Referring now to FIG. 3, a block diagram for one embodiment of the FIG. 2 speech detector 210 is shown, according to the present invention. The speech detector 210 includes, but is not limited to, a feature extractor 310, an endpoint detector 312, and a recognizer 314. In alternate embodiments, the speech detector 210 may readily include various other elements or functions in addition to, or instead of, those elements or functions discussed in conjunction with the FIG. 3 embodiment.
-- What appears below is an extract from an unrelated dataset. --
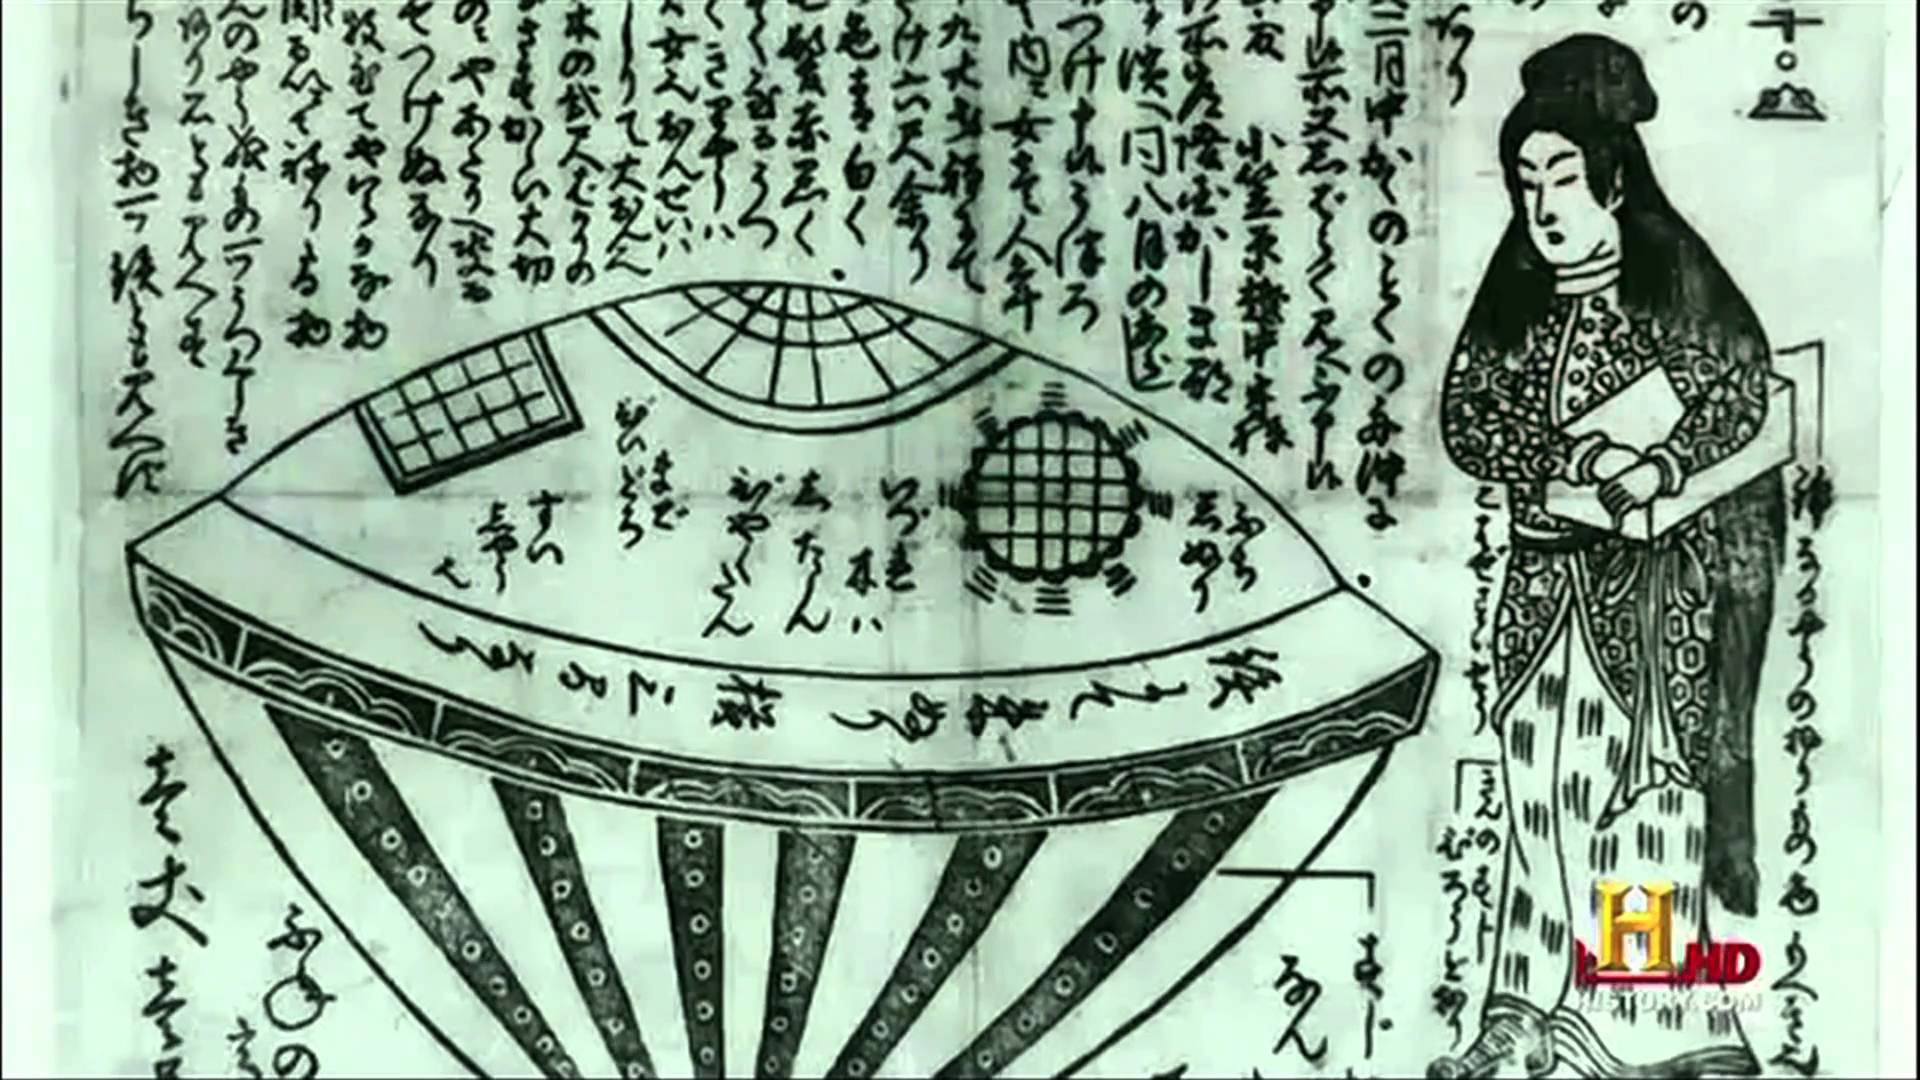 tsuro history - To no Cosmos

In the FIG. 3 embodiment, analog-to-digital converter 120 (FIG. 1) provides digital speech data to feature extractor 310 via system bus 124. Feature extractor 310 responsively generates a feature vector, which is provided to recognizer 314 via path 320. Feature extractor 310 further responsively generates speech energy to endpoint detector 312 via path 322. The endpoint detector 312 analyzes the speech energy and responsively determines the endpoints of the utterance represented by the speech energy. The endpoints indicate the beginning and end of the utterance in time. The endpoint detector 312 then provides the endpoint to the recognizer 314 via path 324.
Recognizer 314 is preferably configured to recognize words in a predetermined vocabulary represented in dictionary 214 (FIG. 2). The aforementioned vocabulary words (vocabularies) in dictionary 214 may correspond to any desired commands, instructions, or other communications of computer system 110. The recognized vocabulary words or instructions are then output to the system 110 via path 332.
In practice, each word from dictionary 214 may be associated with a corresponding phone string (string of individual phones) that represents the word. Hidden Markov Models (HMMs) 212 (FIG. 2) may include trained stochastic representations for each phoneme from a predetermined set of phonemes that may be effectively used to represent words in dictionary 214. Recognizer 314 then compares the input feature vectors from line 320 to the appropriate HMMs 212 for each phone string from dictionary 214 to determine which word produces the highest recognition score. Thereby identifying the word corresponding to the highest recognition score as the recognized word.
Referring now to FIG. 4, a block diagram for one embodiment of the HMMs 212 of FIG. 2 is shown, according to the present invention. In the FIG. 4 embodiment, HMMs 212 preferably include model 1(412(a)) through model N (412 (c)). In alternate embodiments, HMMs 212 may readily include various other elements or functions in addition to, or instead of, those elements or functions discussed in conjunction with the FIG. 4 embodiment.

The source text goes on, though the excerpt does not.